Адам рассмеялся, до того нелепо это прозвучало.

– Ты ел? – спросил Ронан.

– Что-то кроме палочек? Ага. Я пропустил силовую тренировку.

– Какая жалость. Хочешь потаскать тюки с сеном? Это наверняка придаст тебе мужественности, глядишь – и волосы на груди вырастут. Эй, только ткни меня еще раз этой штукой, – это уже относилось к Сиротке.

Пока эти двое сцепились в траве, Адам закрыл глаза и запрокинул голову назад. Он мог бы заняться ясновидением прямо здесь и сейчас. Тишина и ветерок, холодивший шею, унесут его прочь, а влага, просочившаяся в его сапоги, и запах живых существ помогут ему удержаться в реальности. Изнутри и снаружи. Он не знал, что именно начинает боготворить – это место или Ронана, и не был уверен, что разница имела значение.

Когда он открыл глаза, то увидел, что Ронан смотрит на него – так, как смотрел уже много месяцев. Адам посмотрел в ответ – так, как смотрел в ответ уже много месяцев.

– Мне надо заняться сновидением, – сказал Ронан.

Адам взял Сиротку за руку и поправил его:

Нам надо заняться сновидением.

Глава 43

В двадцати пяти минутах езды от них у Гэнси не было сна ни в одном глазу. А еще у него были неприятности.

Он еще не знал, по какой причине они возникли; зная семейство Гэнси, он мог так и не выяснить это. Впрочем, он чувствовал эти неприятности всеми фибрами души, так же, как ощущал, что прочно попал в сети истории с Глендауэром.
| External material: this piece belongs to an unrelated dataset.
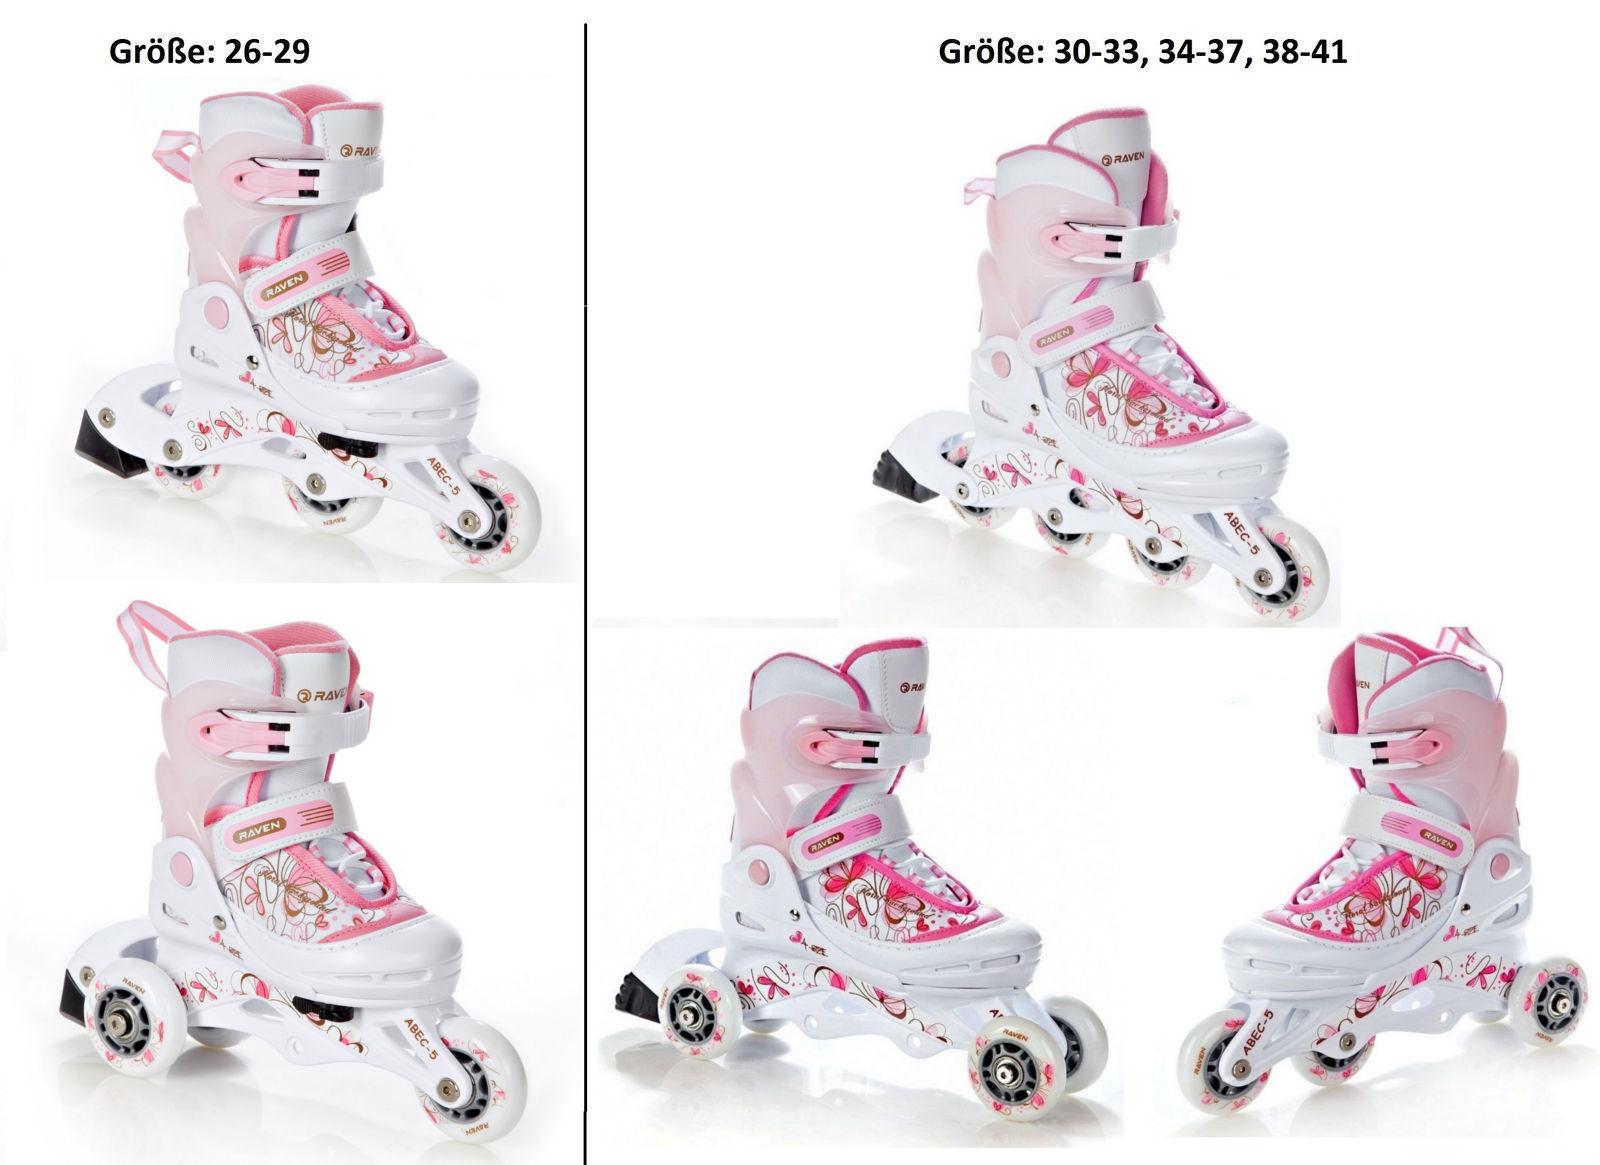 2in1 3in1 Inlineskates Inliner Triskates Rollschuhe Rollschuhe Rollschuhe + Helm + Schützer - Neu    König der Quantität  c9e37f
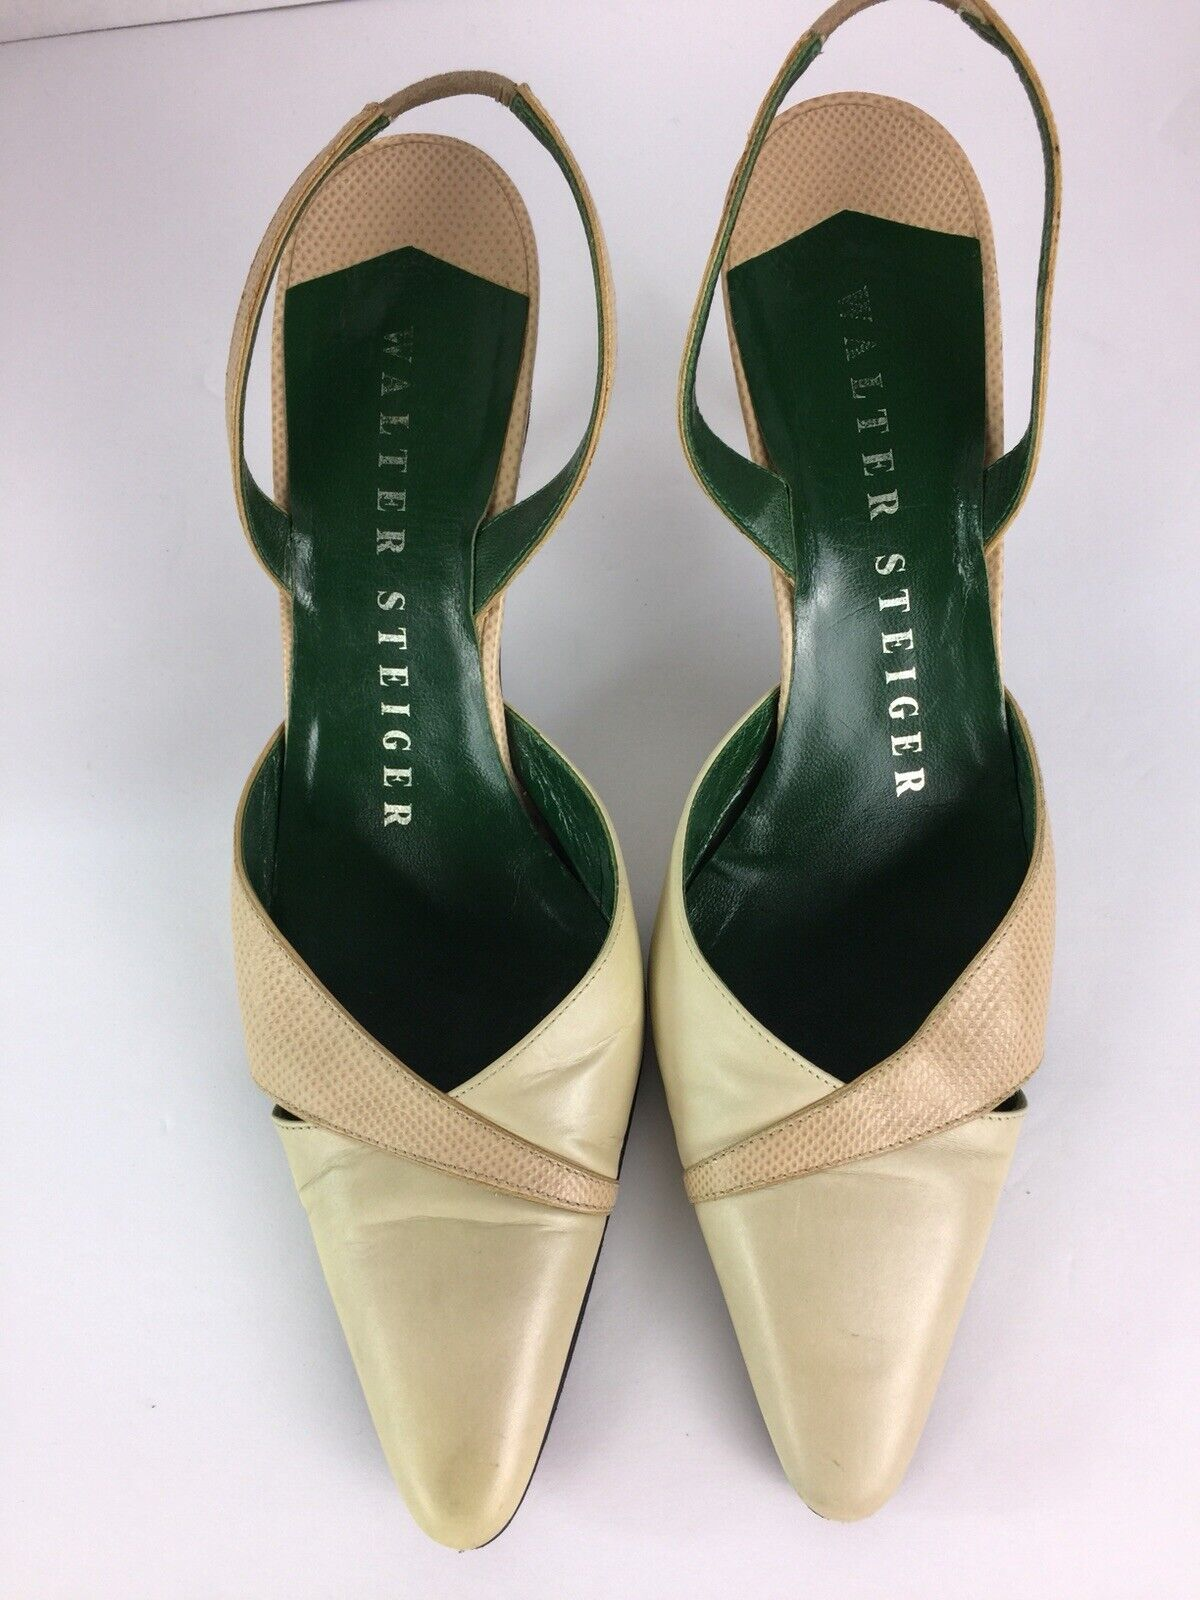 design semplice e generoso Walter Steiger Steiger Steiger donna scarpe Dimensione 7.5 oro Metallic Leather Ankle Strap Heels  punti vendita

Раздражение и злость в семье Гэнси были похожи на легкий привкус экстракта ванили. Его применяли экономно, крайне редко по отдельности, и определить его наличие можно было только задним числом. Если попрактиковаться, то можно было научиться распознавать его, но до какой степени? "Вот в этой булочке присутствует некоторая злость, тебе не кажется? О, да, думаю, всего чуть-чуть…"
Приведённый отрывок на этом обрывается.